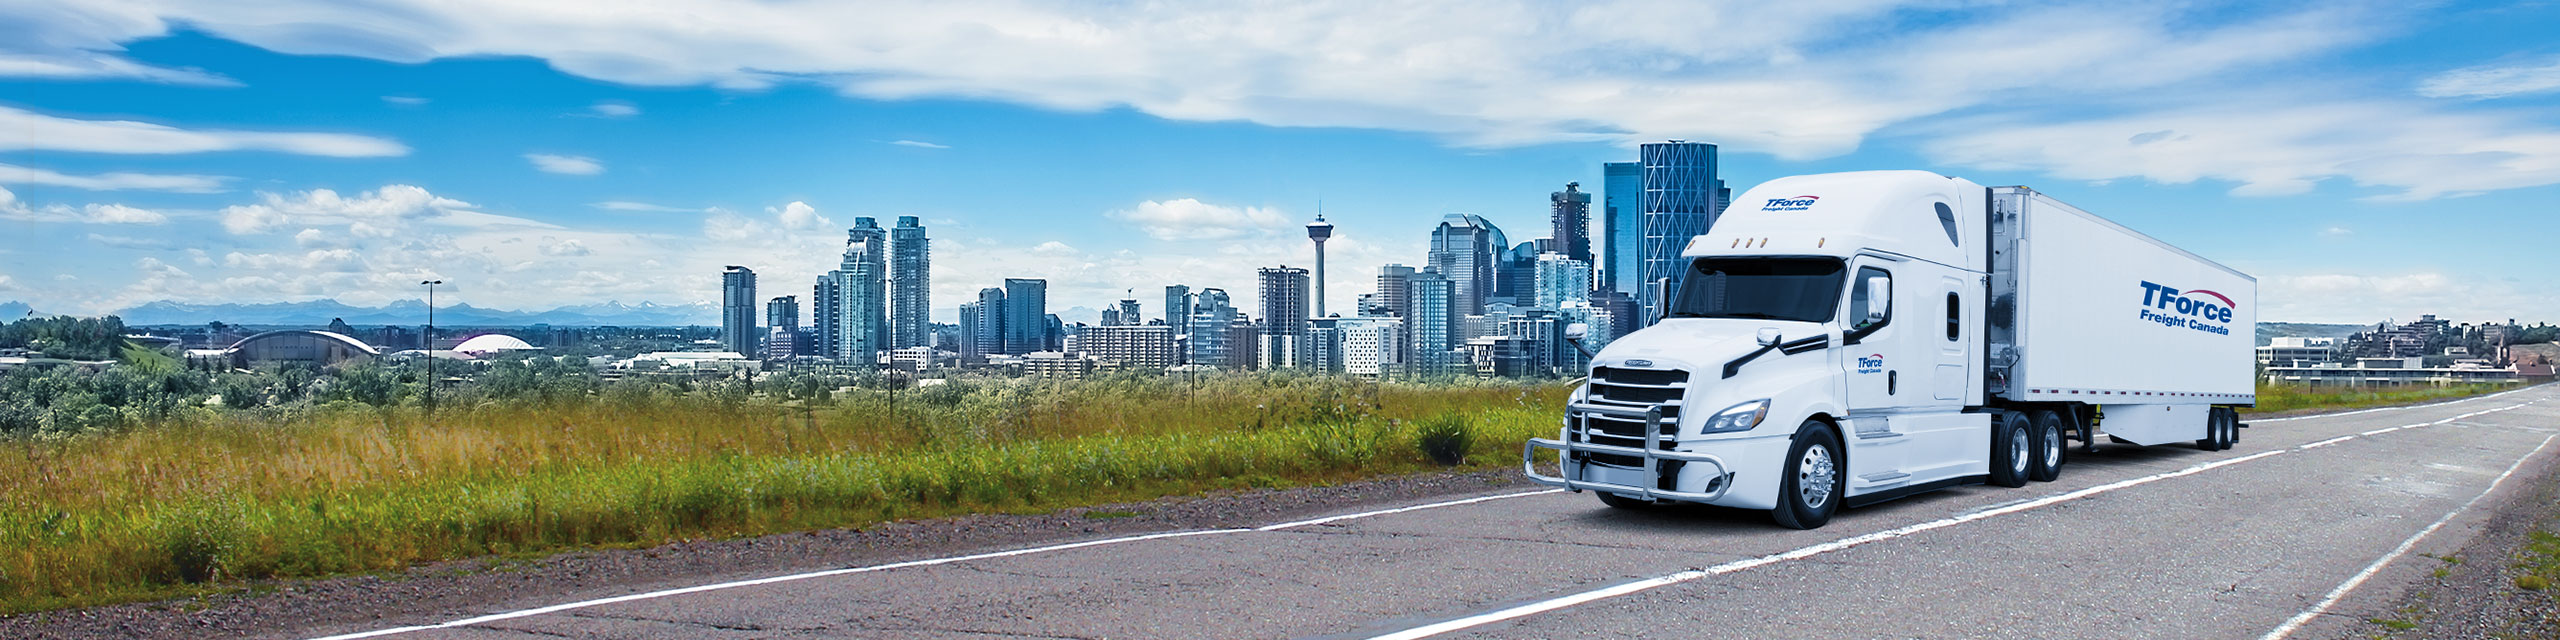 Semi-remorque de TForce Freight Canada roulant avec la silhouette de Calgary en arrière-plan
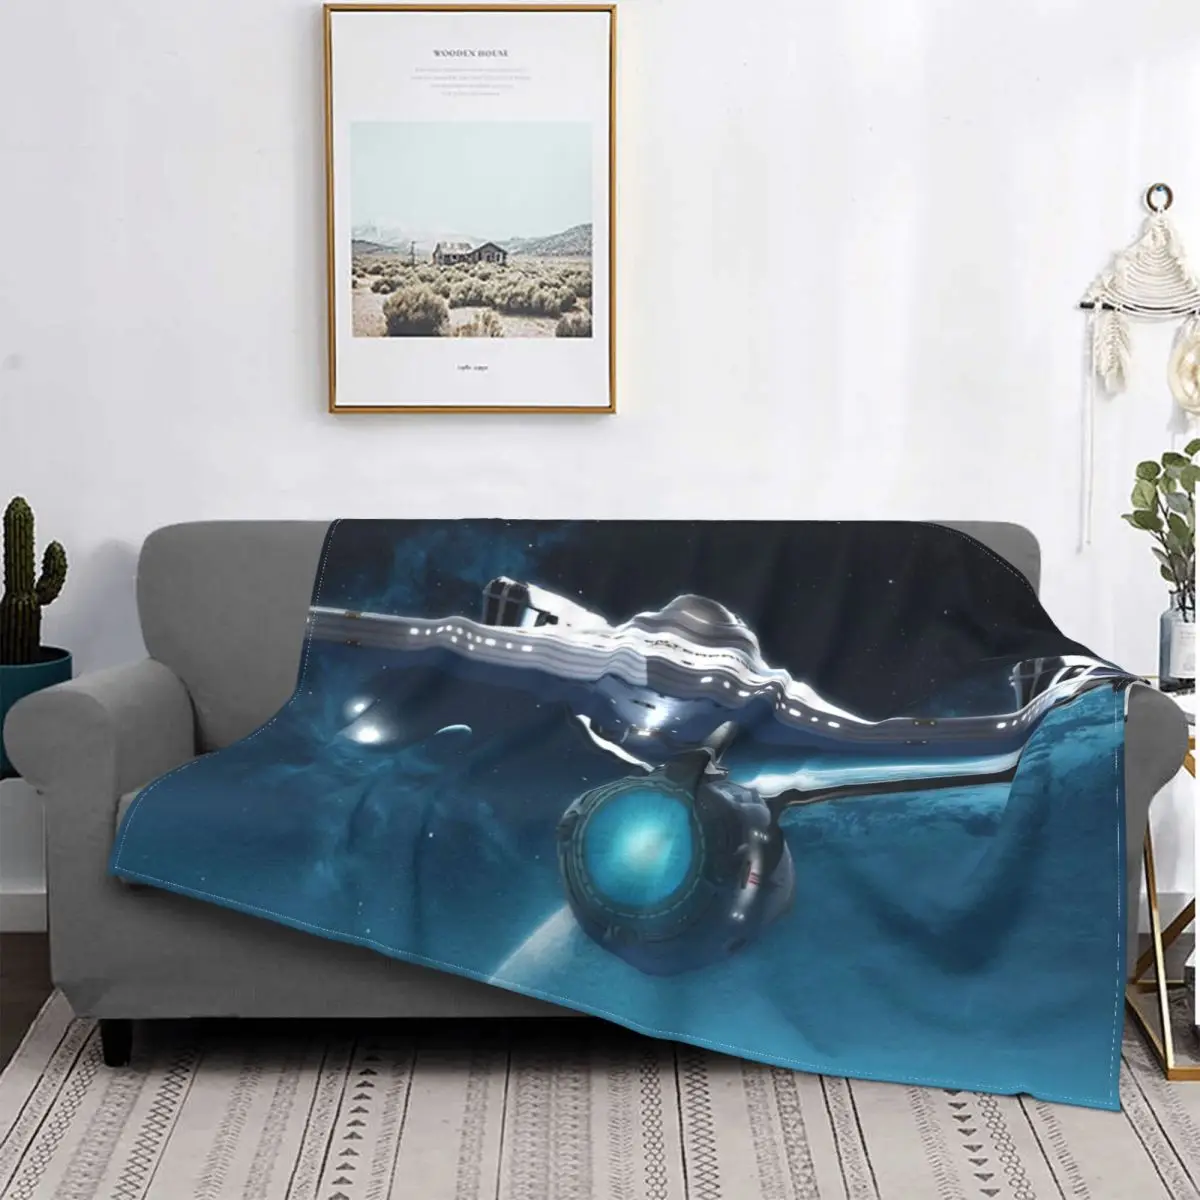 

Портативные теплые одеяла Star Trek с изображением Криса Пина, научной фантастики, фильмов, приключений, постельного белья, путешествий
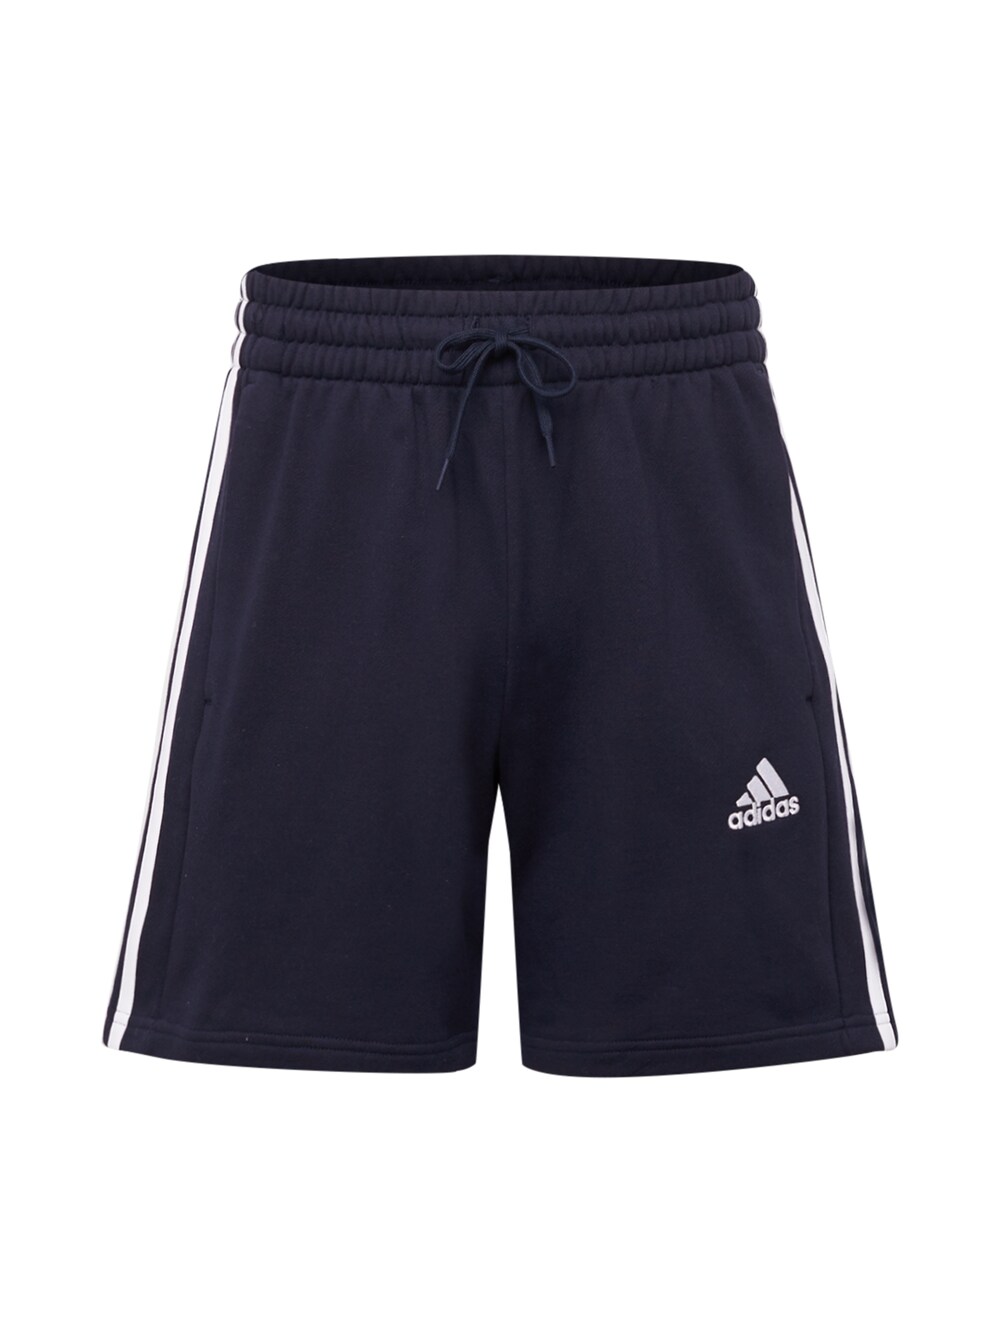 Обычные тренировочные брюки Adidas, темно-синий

==

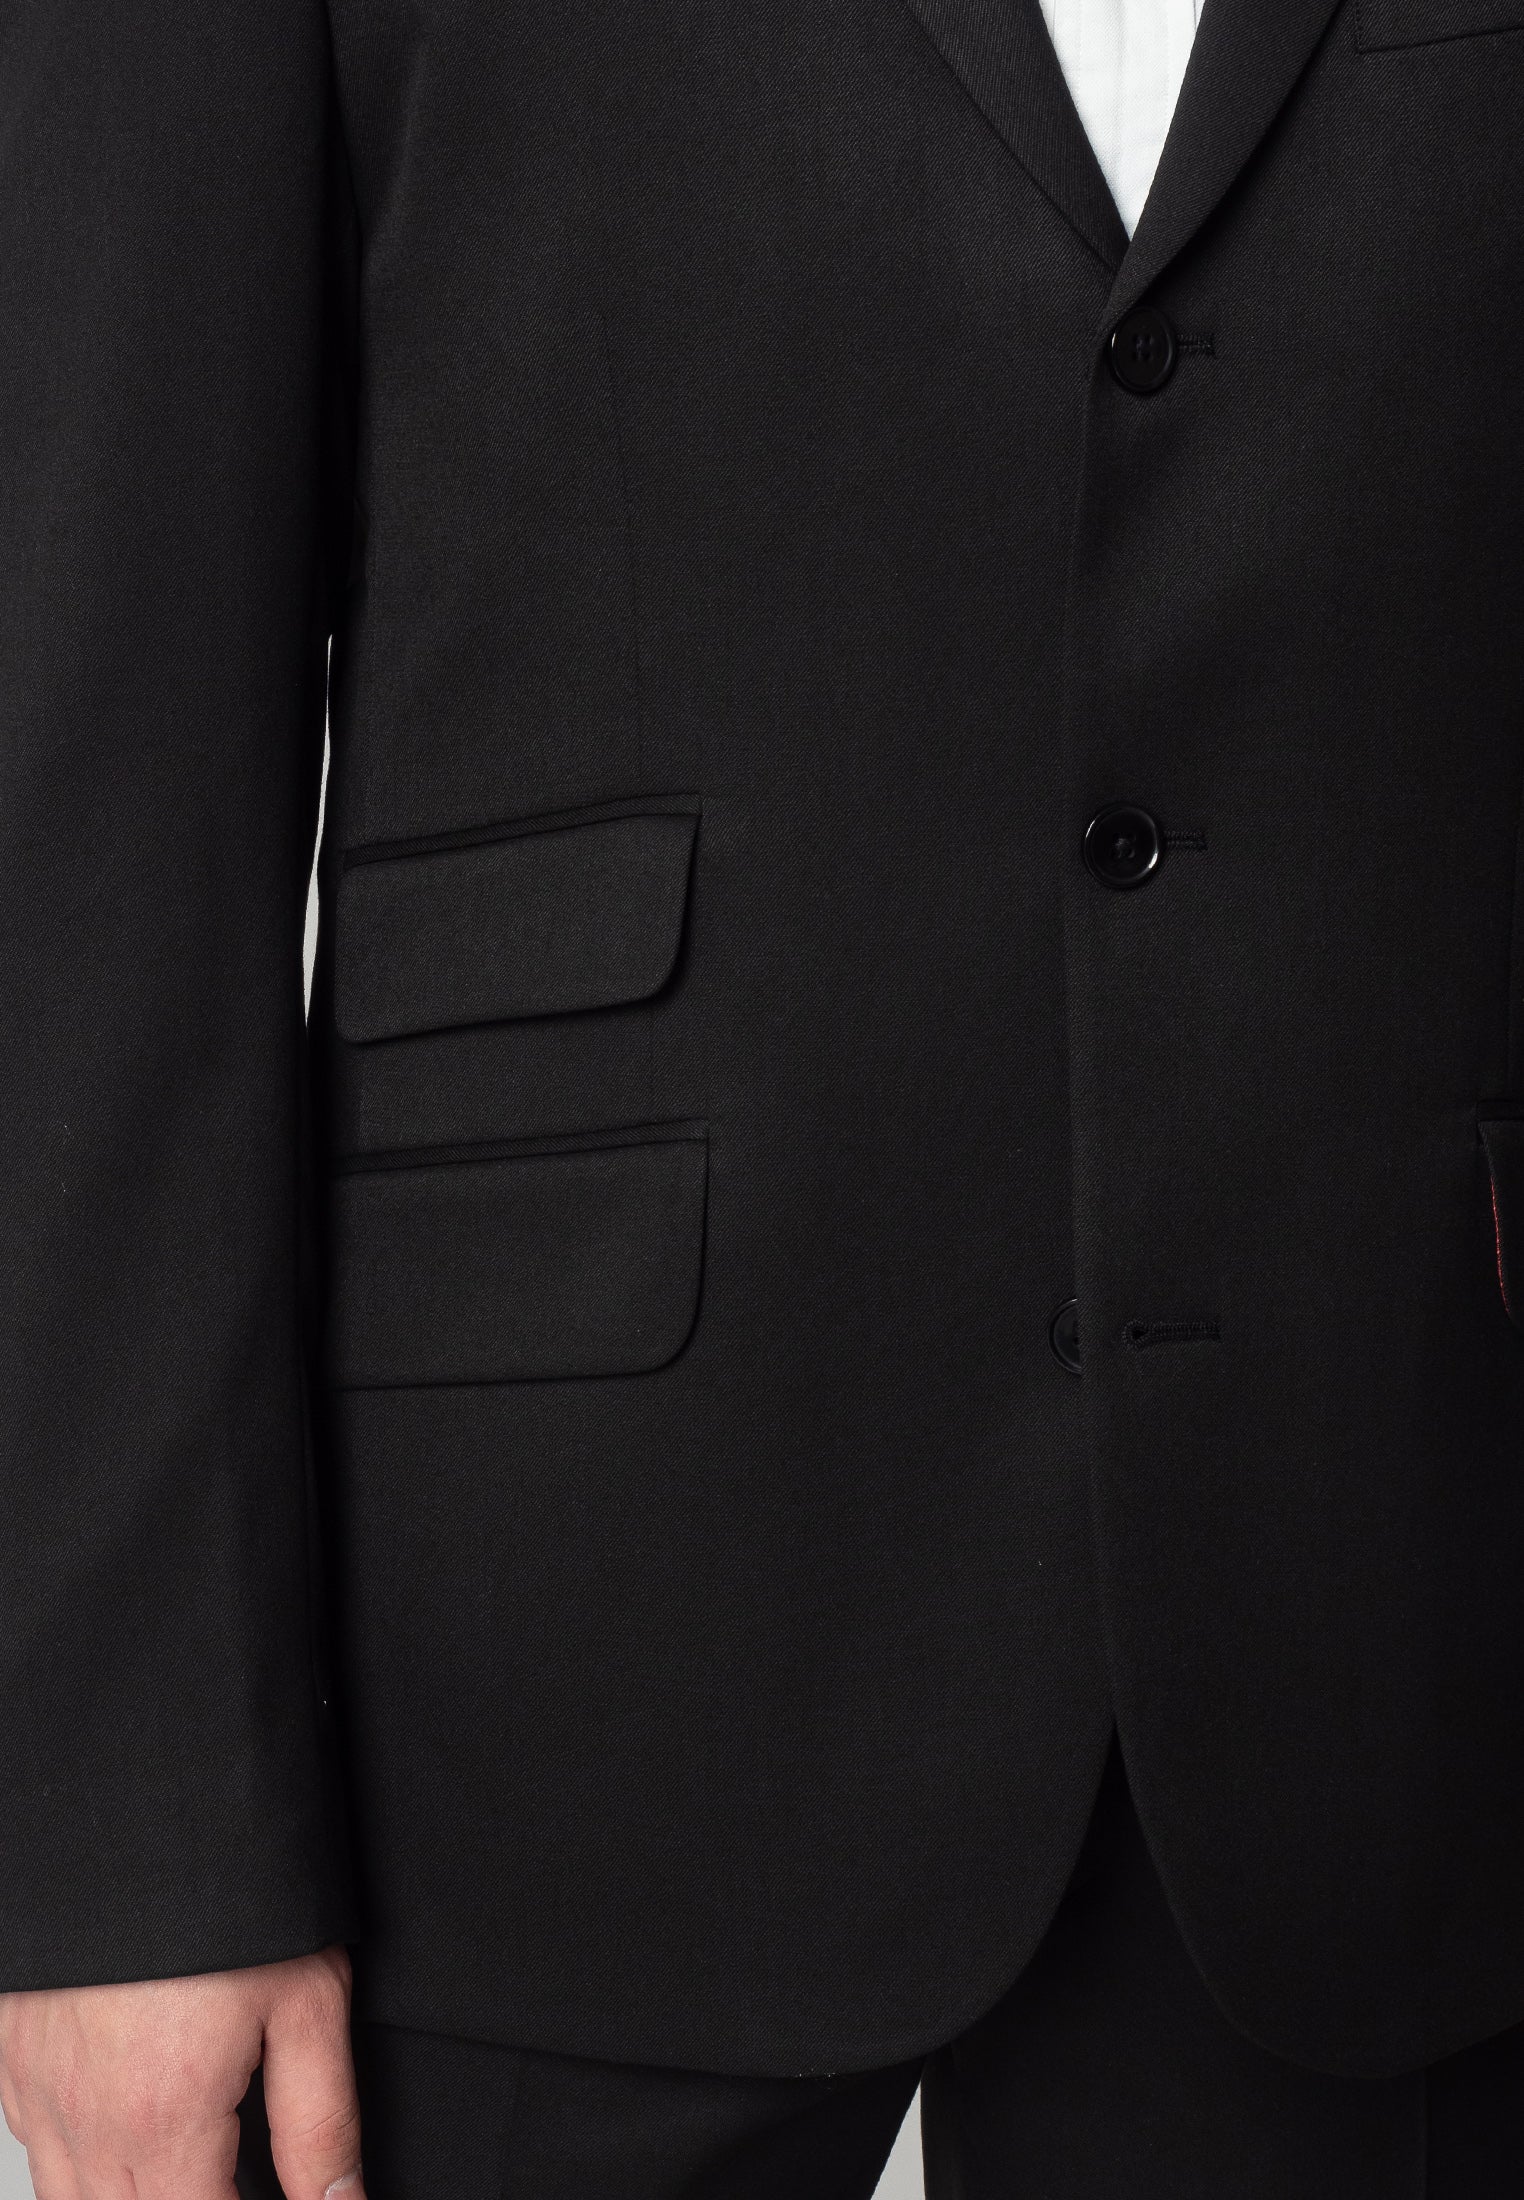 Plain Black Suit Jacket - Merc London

## Task
From the records above, output only the lines starting at the one containing "Semi-remorque de TForce" and ending at the one containing "Обычные тренировочные брюки", word for word. Pictures stay out.

## The answer
 Semi-remorque de TForce Freight Canada roulant avec la silhouette de Calgary en arrière-plan

Портативные теплые одеяла Star Trek с изображением Криса Пина, научной фантастики, фильмов, приключений, постельного белья, путешествий
 Обычные тренировочные брюки Adidas, темно-синий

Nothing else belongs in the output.